### Task data ###

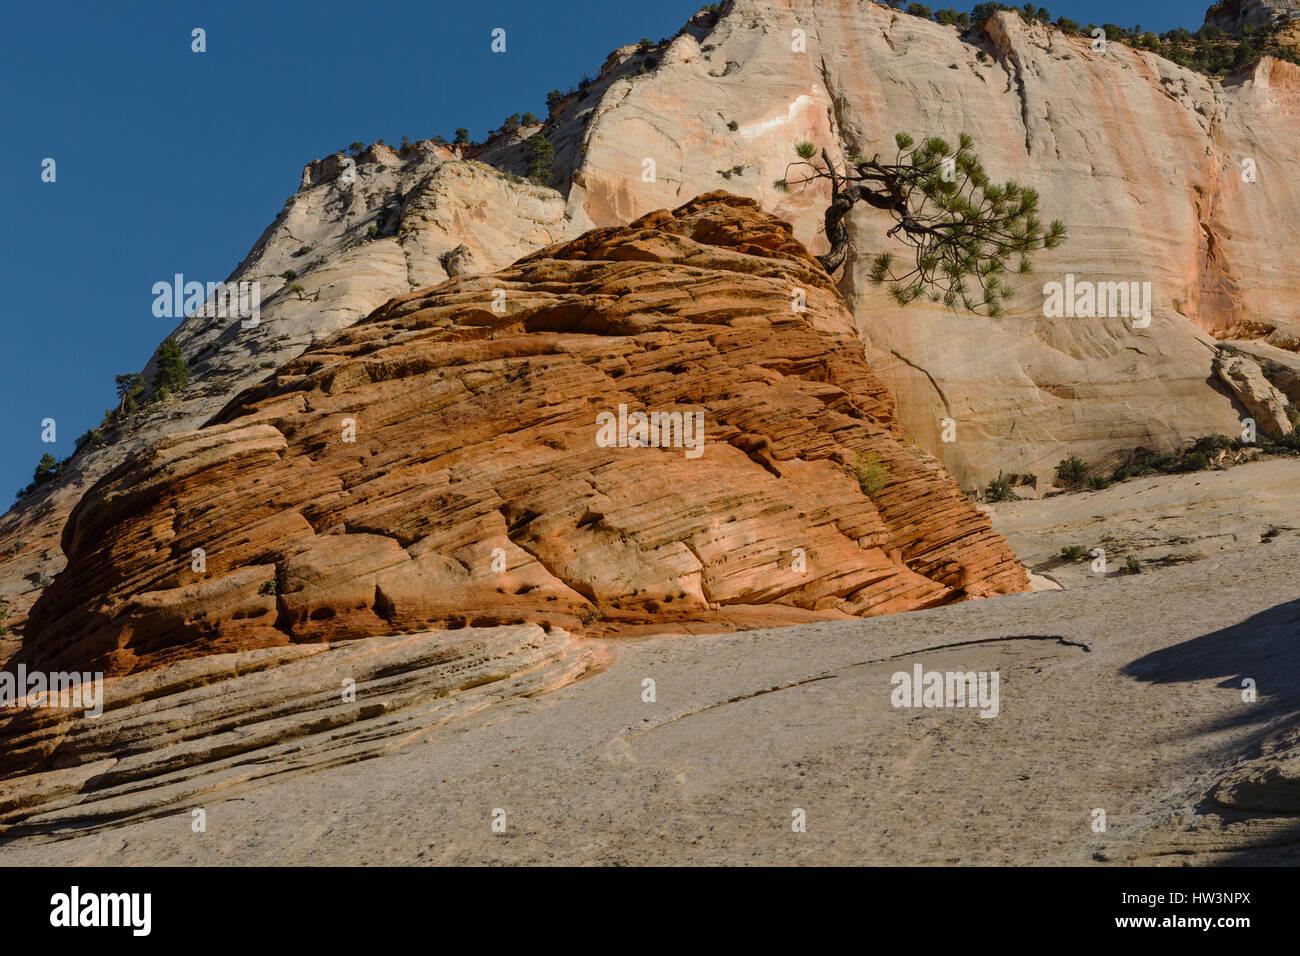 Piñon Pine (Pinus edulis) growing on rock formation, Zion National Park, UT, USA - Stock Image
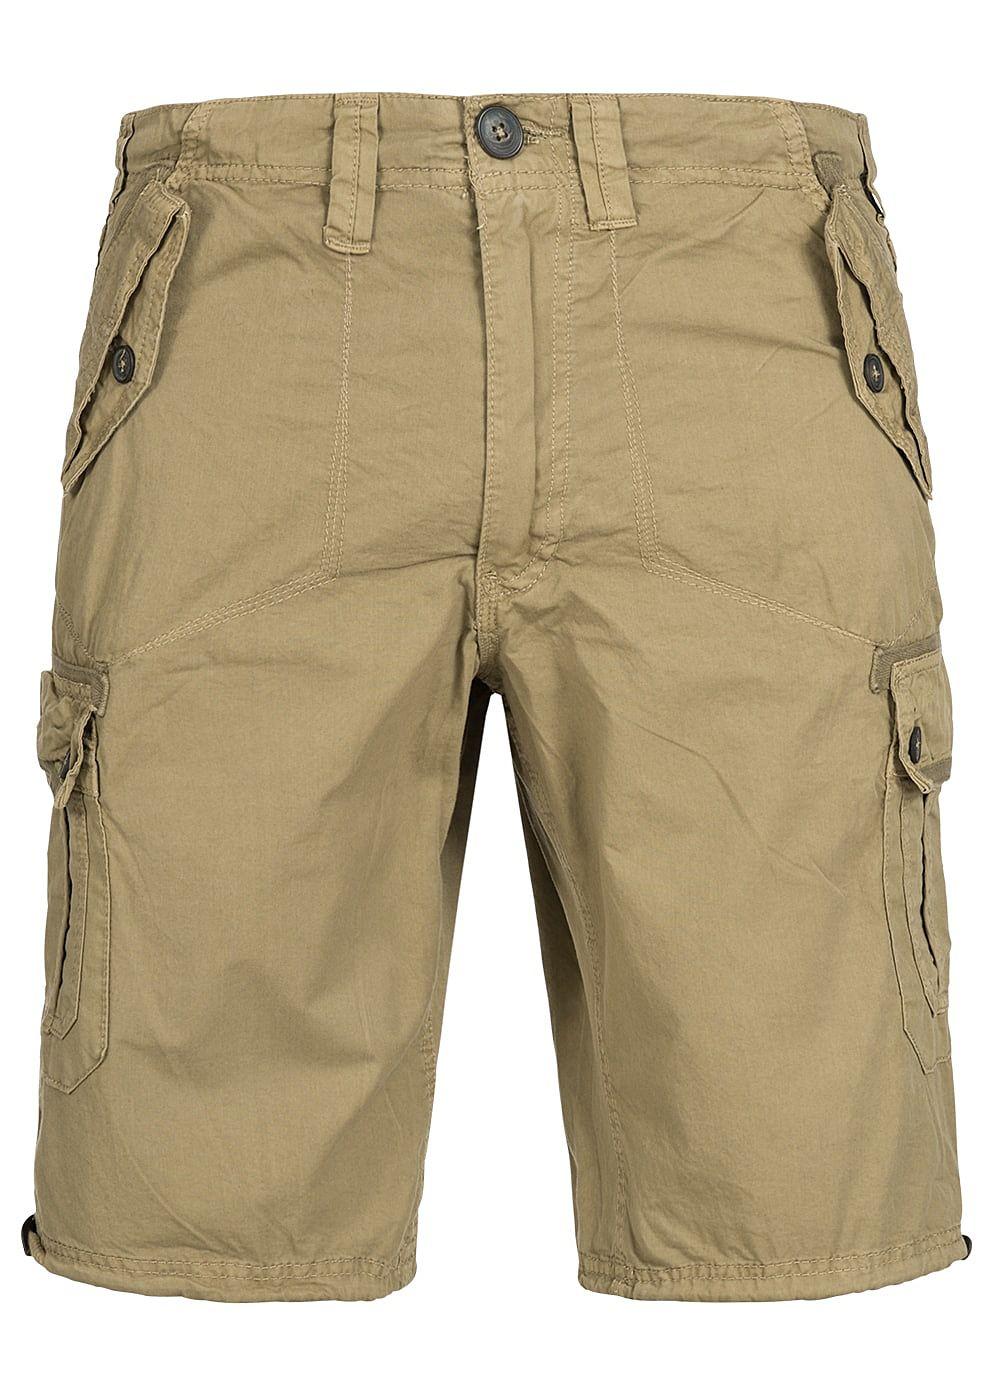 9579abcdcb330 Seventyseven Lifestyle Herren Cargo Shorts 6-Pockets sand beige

###
### Task data ###

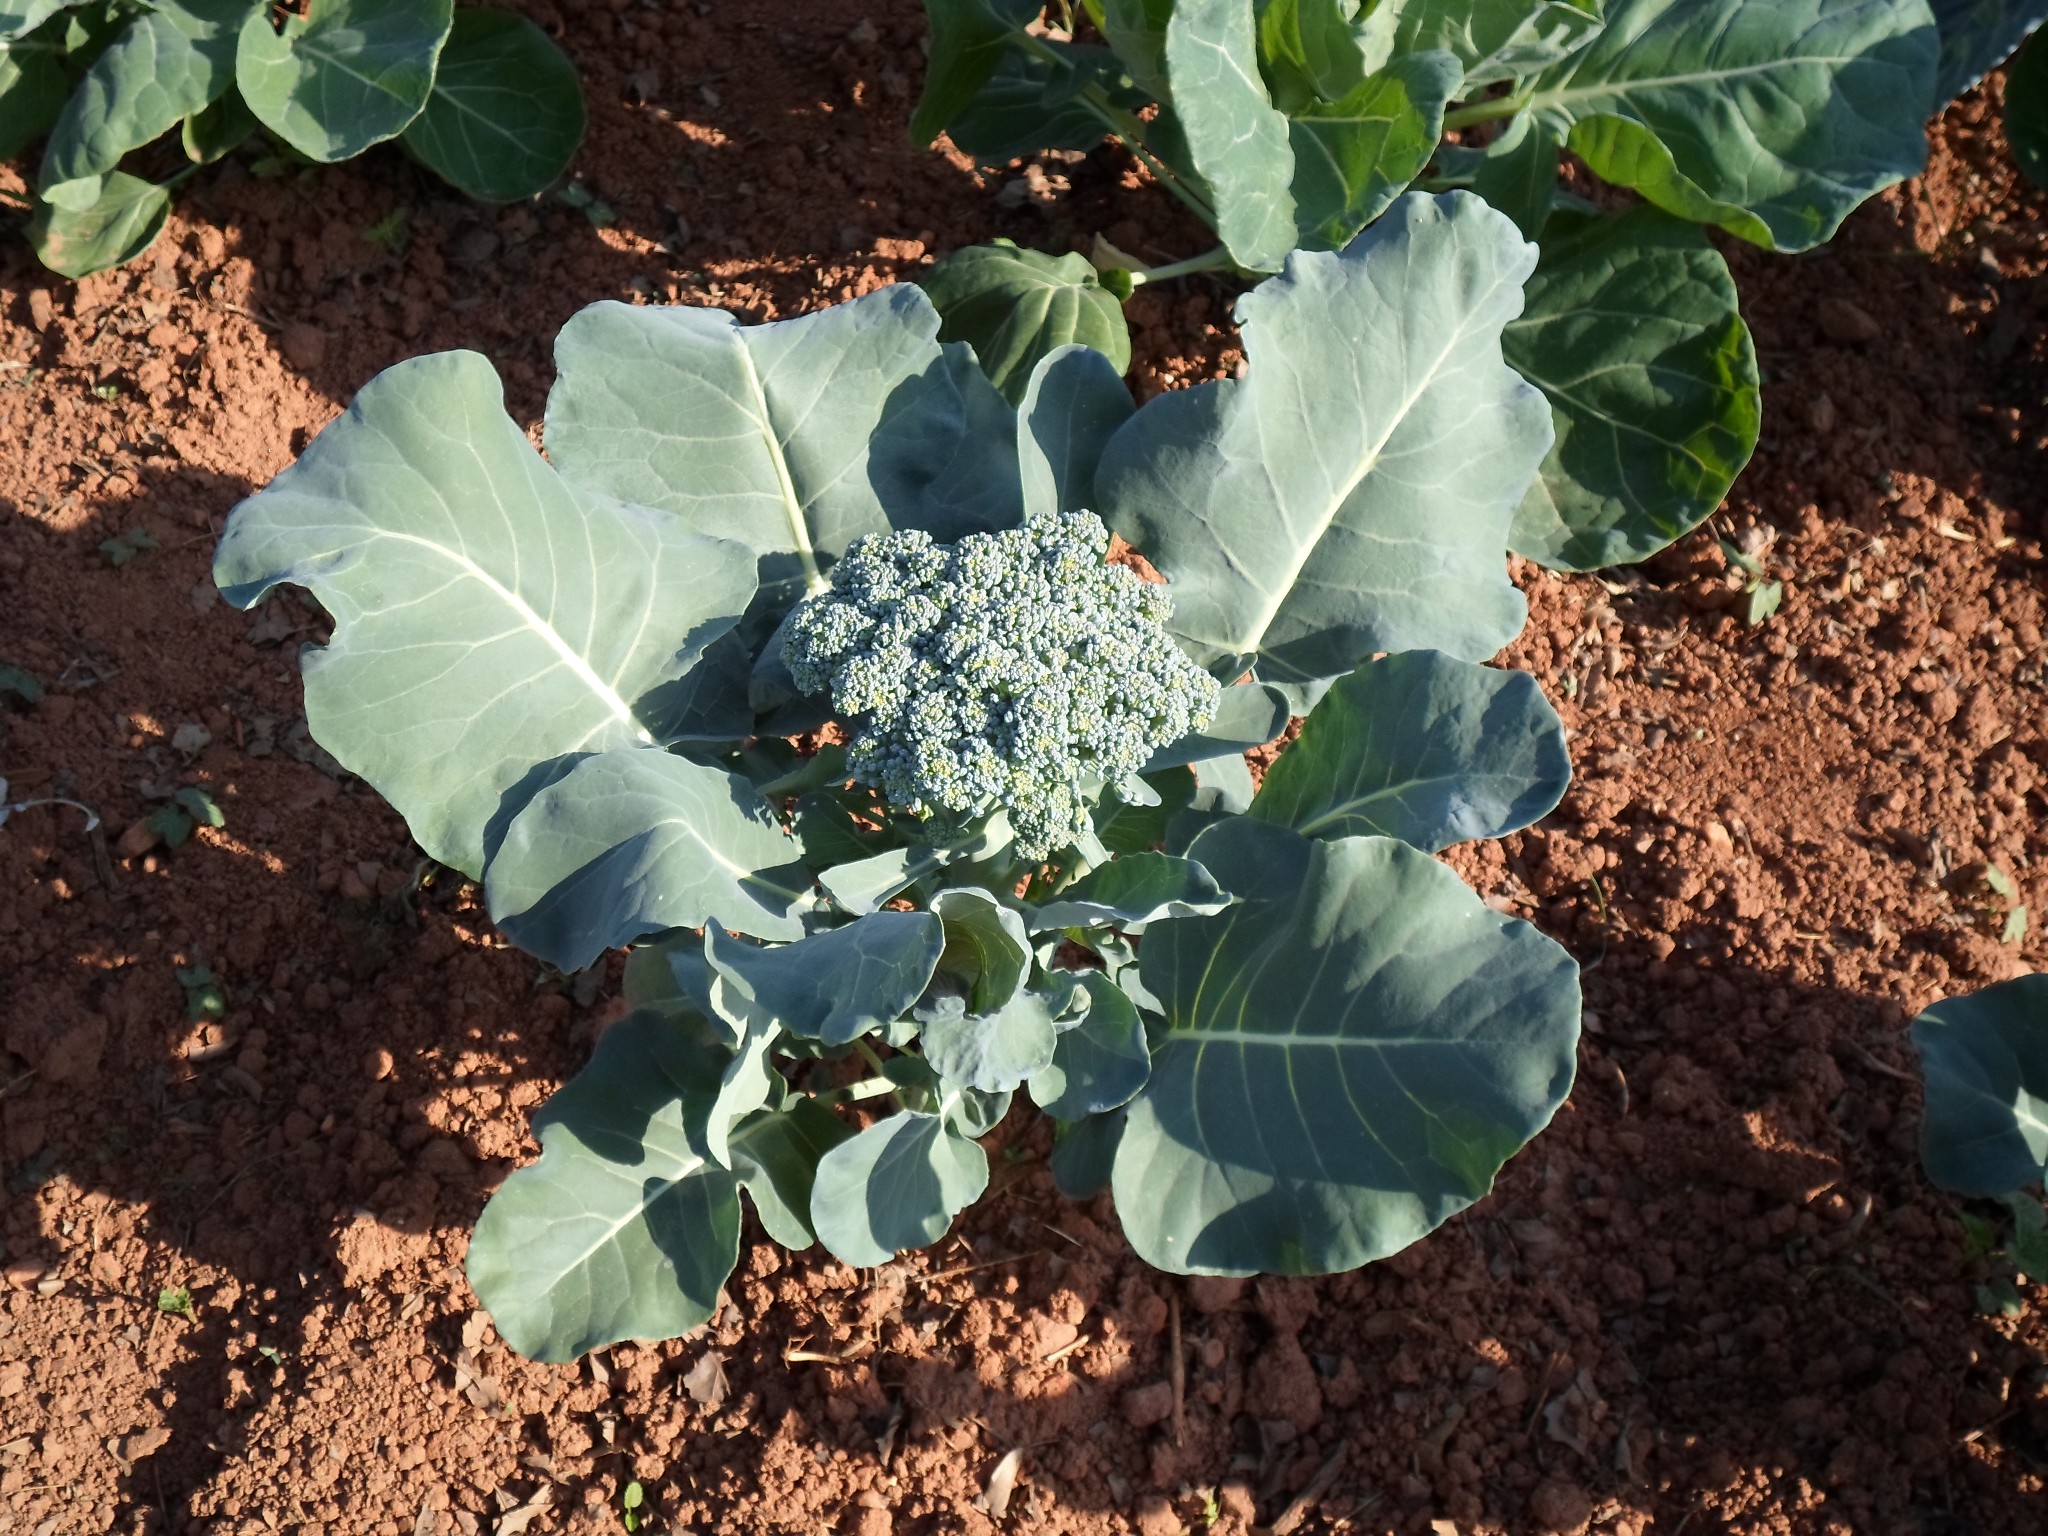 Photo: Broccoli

###
### Task data ###

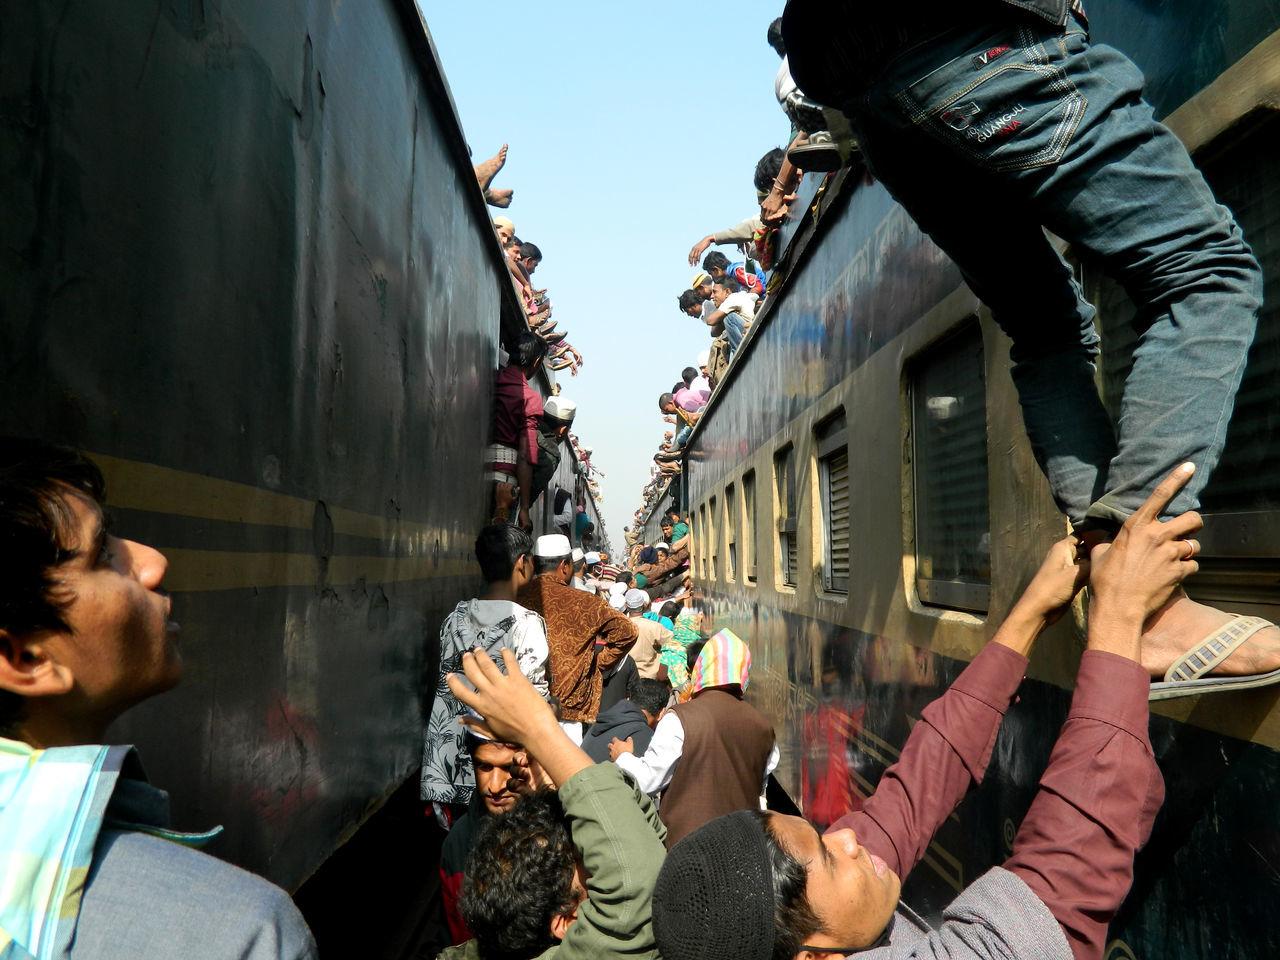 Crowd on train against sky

###

Work request
Repeat the lines above exactly, beginning with the one containing "Piñon Pine (Pinus" and finishing with the one containing "9579abcdcb330 Seventyseven Lifestyle". No pictures belong in the copy.

Output of the task
 Piñon Pine (Pinus edulis) growing on rock formation, Zion National Park, UT, USA - Stock Image
 9579abcdcb330 Seventyseven Lifestyle Herren Cargo Shorts 6-Pockets sand beige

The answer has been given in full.